Memories and pain remain during healing
Now, seven years later, the 25-year-old says her nightmares and flashbacks have disappeared. Lawrence's injuries have healed, but some problems remain. Her back still hurts from the accident and he or she had to provide up ice skating, a passion she has had since childhood.
But for probably the most part, her life has returned to normal. She now lives in Columbia, MD, and works for an organization that sells medical equipment, a job that requires her to drive rather a lot.
But even now, the wail of the sirens still brings back memories of that night, when five ambulances arrived to take each of the young women away. “I would do anything to never hear that sound again,” she says.
And in some ways, she's still emotionally shaken. She's still afraid of losing someone near her, she says. “What if something like that happens to my brother? If something happens to someone I love all of a sudden, I think I'll break. I feel like I can't do it again.”
She has received support from the Trauma Survivors Network, a national group that connects severely injured individuals with other survivors to assist them get well physically and emotionally. Local groups run by trauma survivors often include individuals with brain or leg injuries, or those that have suffered multiple injuries.
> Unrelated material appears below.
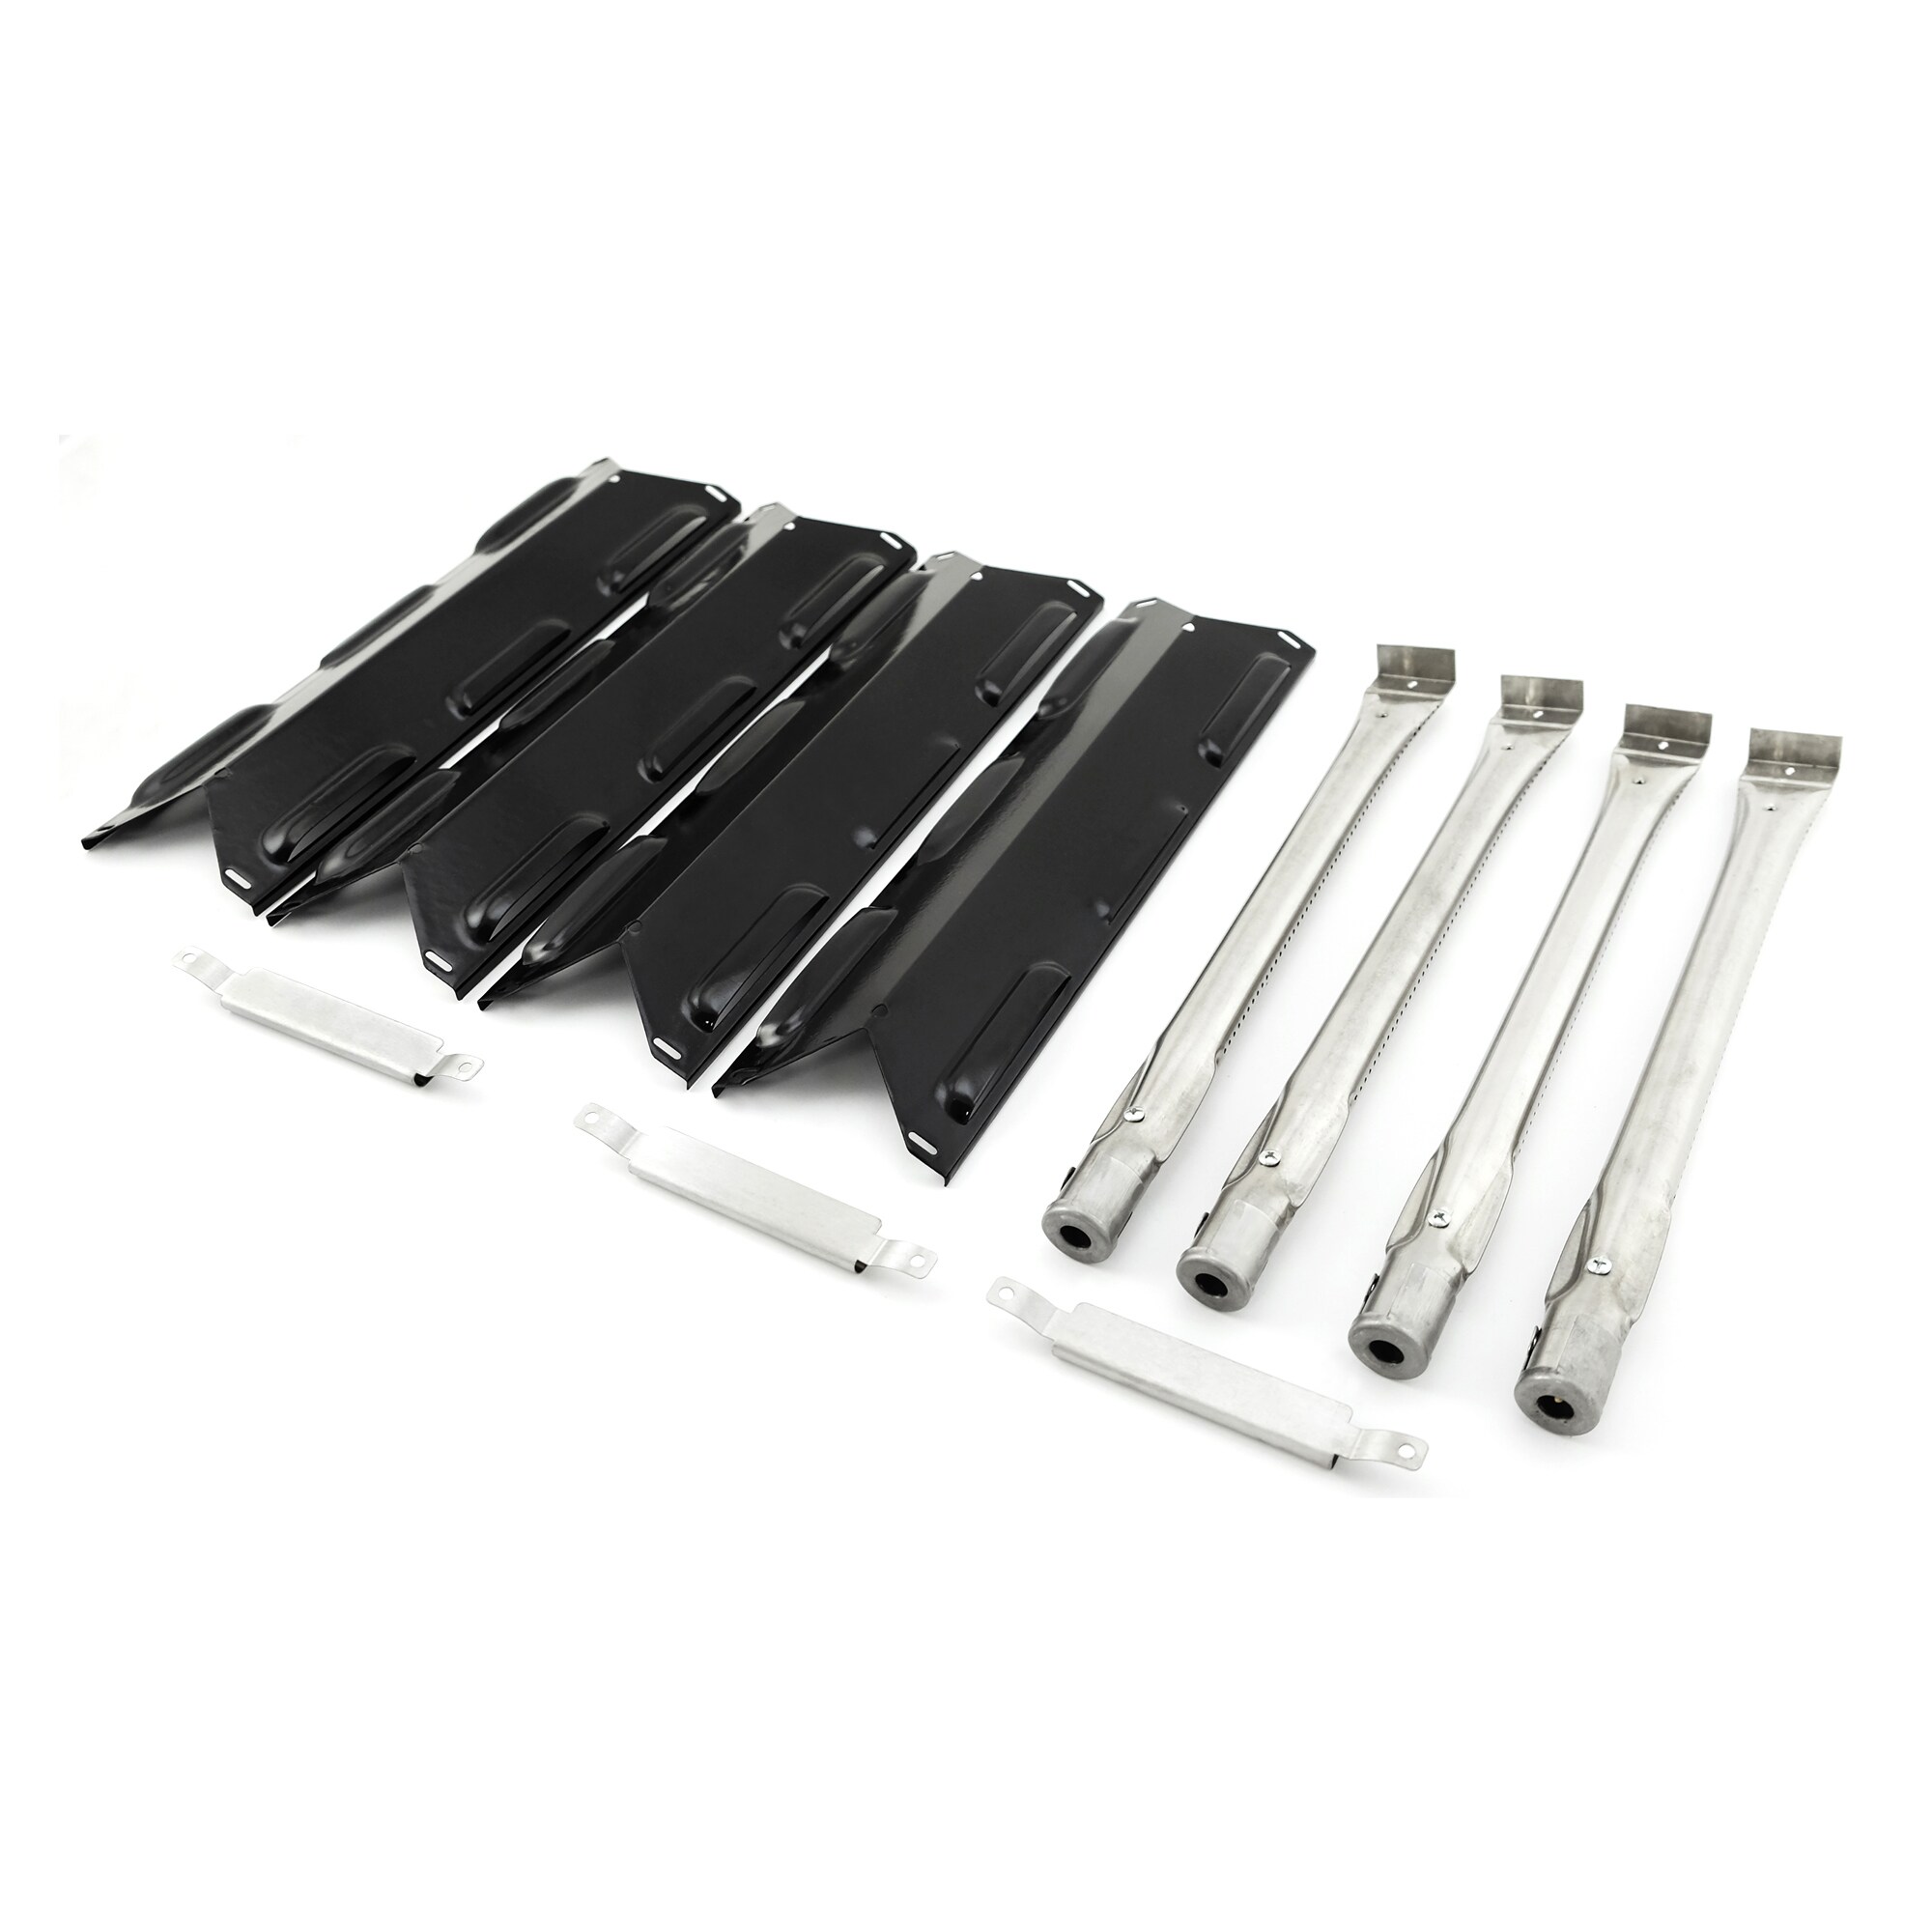 BBQ Parts 3-pack Stainless Steel Burner Replacement Part for Many Grill Brands

“Surviving trauma is like starting your life over, so you're left with your old life and what you make of your new life,” says Lawrence. “In my new life, I'm more confident and rely on my faith than ever before.”
Nevertheless, she still thinks in regards to the accident every single day.
“Waking up every day and being happy about where I am and where I've been can be challenging for me,” Nicole says. “I miss looking like I don't have scars, I miss being able to skate, I miss not having to think about the accident, and I miss Nicole.”
She says that until the day of the accident, she hadn't thought of how life can change in a second. “I'm so grateful. I really value my time. I don't do anything I don't really want to do. I don't think many of my peers are capable of having that outlook on life. When you have to deal with something like that, you grow up pretty quickly.”